Every 20 minutes in the movie, there’s an elimination, so to speak, with anonymous voting and truces and late-night conversations. You’d half-expect to see Jeff Probst there in vestments of his own. Who will be the new pope? Stanley Tucci’s levelheaded Bellini? John Lithgow’s pompous Tremblay? What about the more conservative cardinals, like Lucian Msamati’s Adeyemi or Sergio Castellitto’s Tedesco? Giving the most right-wing cardinal a bright red vape feels like a classic reality-show move — you want a villain who kind of slays. But then there’s also Benitez (Carlos Diehz), who arrives unannounced (cue “a hot new bombshell has entered the villa”) and might make for a serious challenger to the Catholic establishment. And who could forget Isabella Rossellini — playing a character I assume is just named “Isabella Rossellini as nun” — who hovers off to the side, sending emails and holding secrets of her own?

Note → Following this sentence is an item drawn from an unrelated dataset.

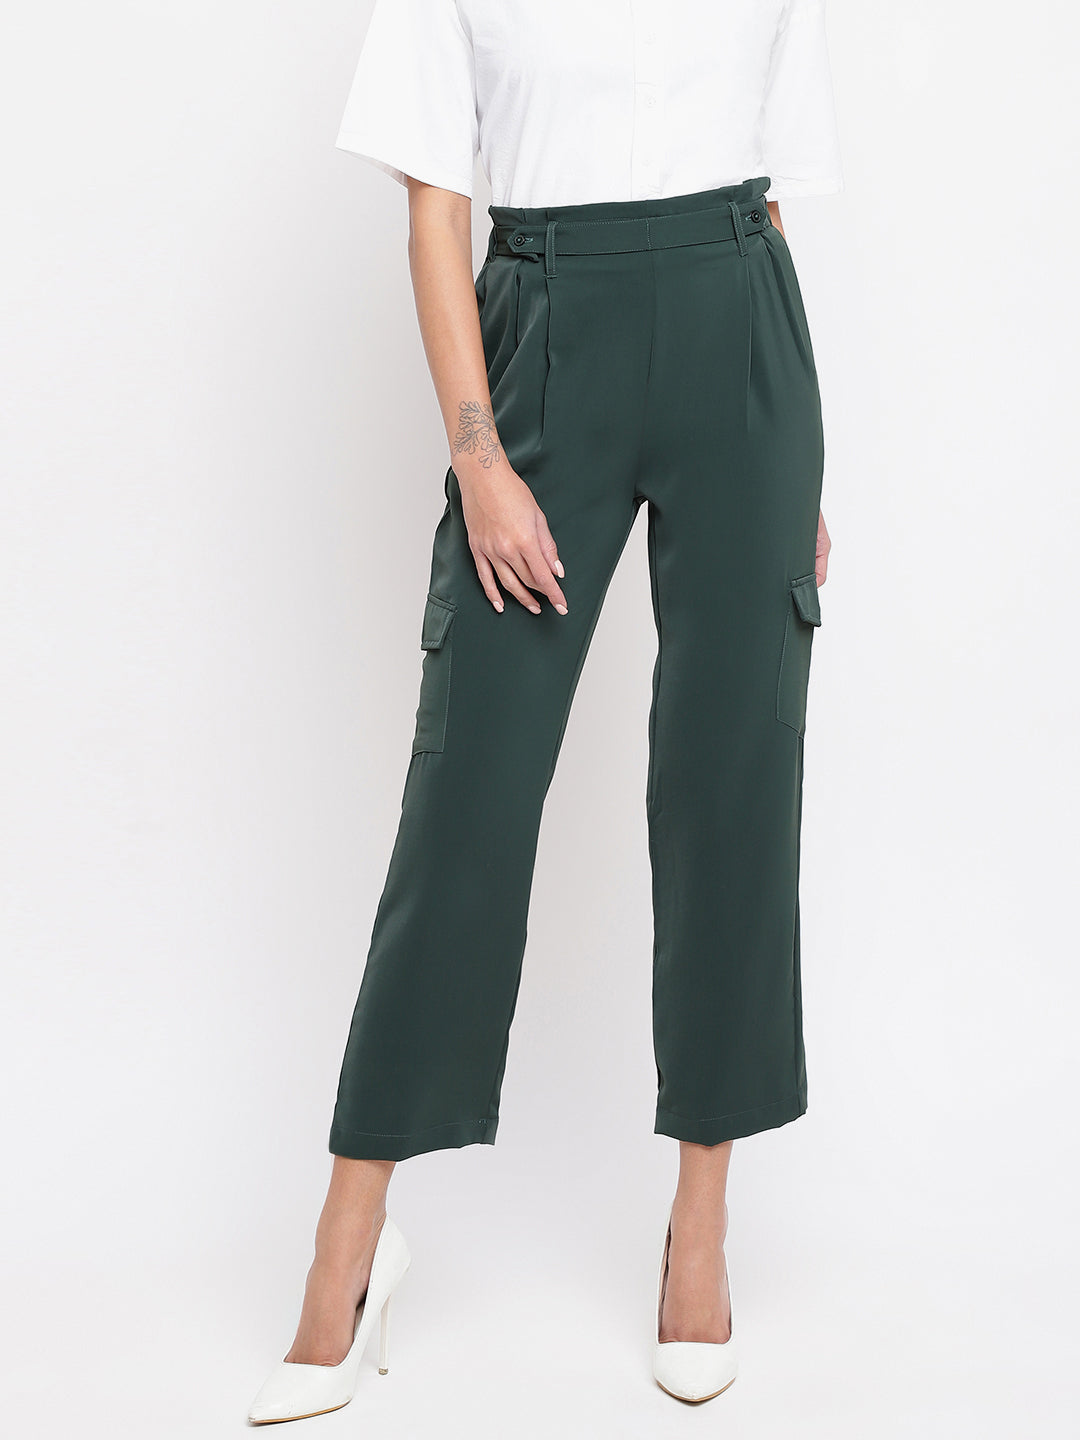 Greenbottle Straight Pant

Like X’s last, beloved meme’d awards movie — Todd Fields’s Tár — Conclave is a pleasant movie to watch about people being mean to each other. The titular Tár was cutting and unpleasant, harsh and provocative. Lydia Tar’s lack of self-awareness only made the character funnier and more pathetic in her downfall. So, too, does Conclave share characters who treat each other with the utmost lack of generosity in a way that is tempting to the viewer, if not a little recognizable. The memes work because these movies are both funny and idiosyncratic in their form. That men of the cloth behave badly is a feature. The overall effect is shockingly feel-good; perhaps what works best about the film is that Conclave is a movie about leftist in-fighting that actually lands upon a happyish ending (unlike, say, other recent events).

For a movie about the Catholic Church, there’s a surprising amount of self-awareness and levity to how the film treats its subject matter. Conclave isn’t sugarcoating the more unsavory sides of the Catholic Establishment so much as it is exposing and relishing in them. These holy men are no better than any of us once you put them in a big room together and force them to vote like its sixth-grade class president. For all its seriousness, there’s an archness and decadence to the whole affair. The robes are long and lush and heavy, the score dictates each twist and turn, and the buildings in which these people behave with such petty bitchery feature some of the most stunning Renaissance and Classical architecture. You wouldn’t see a movie like this with Protestants, that’s for sure.

Talking shit about people you know? That’s Conclave. Wearing a long and lush and heavy red robe? That’s Conclave. Stunning Renaissance and Classical architecture? That’s Conclave. Having to be in charge of handling logistics for a thing you don’t want to be in charge of because you have your doubts about the functionality of the system in the first place? You know it, I know it: That’s so Conclave.